EXERCISE REQUIREMENTS:
Your task is to transcribe all of the data below exactly, omitting the images.

COLLECTED MATERIAL:
^^^^

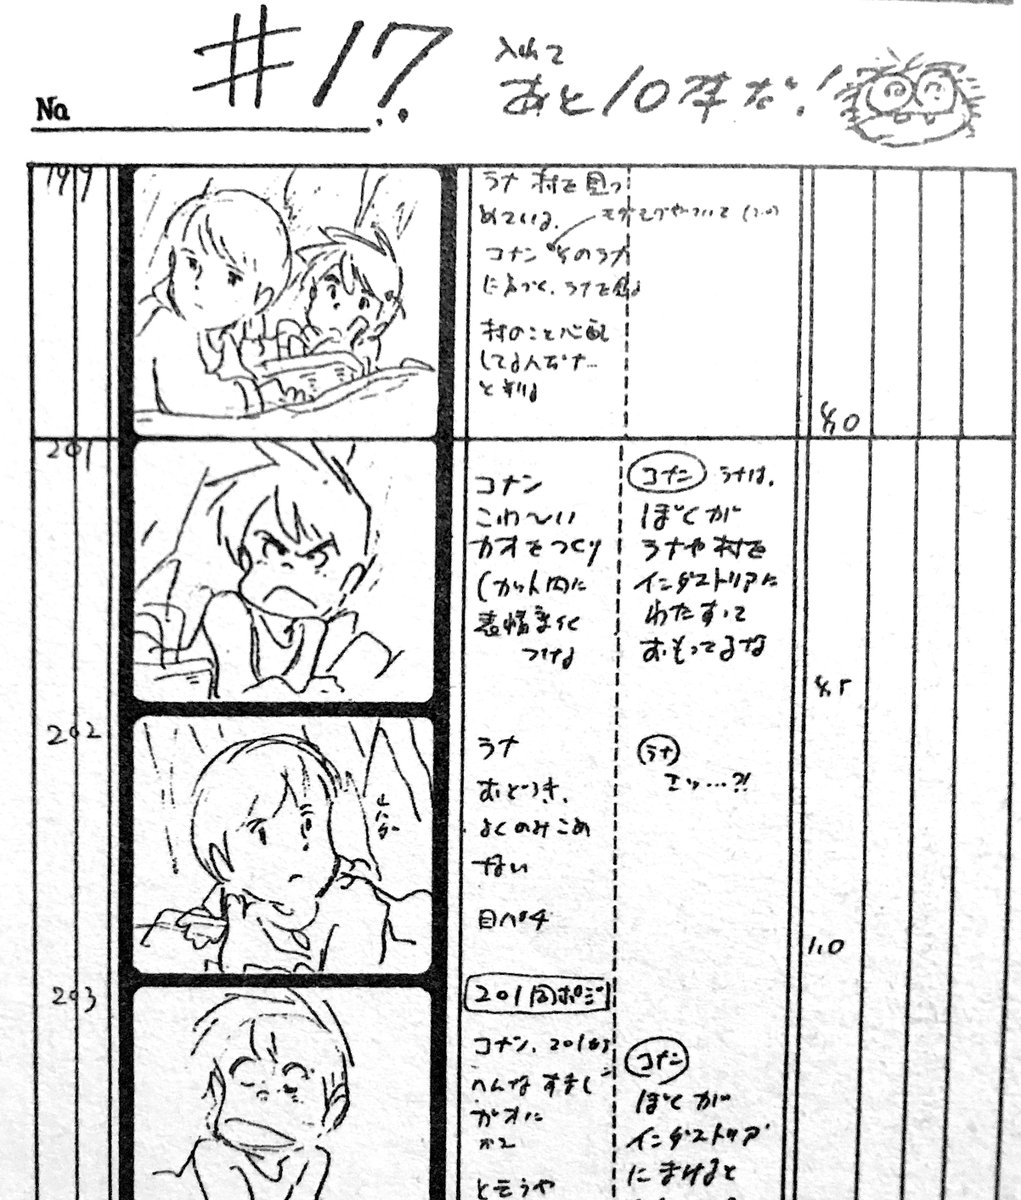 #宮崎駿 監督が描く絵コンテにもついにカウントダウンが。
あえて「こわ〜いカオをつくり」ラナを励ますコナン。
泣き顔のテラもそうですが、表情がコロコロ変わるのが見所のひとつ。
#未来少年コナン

^^^^

REPLY:
 #宮崎駿 監督が描く絵コンテにもついにカウントダウンが。
あえて「こわ〜いカオをつくり」ラナを励ますコナン。
泣き顔のテラもそうですが、表情がコロコロ変わるのが見所のひとつ。
#未来少年コナン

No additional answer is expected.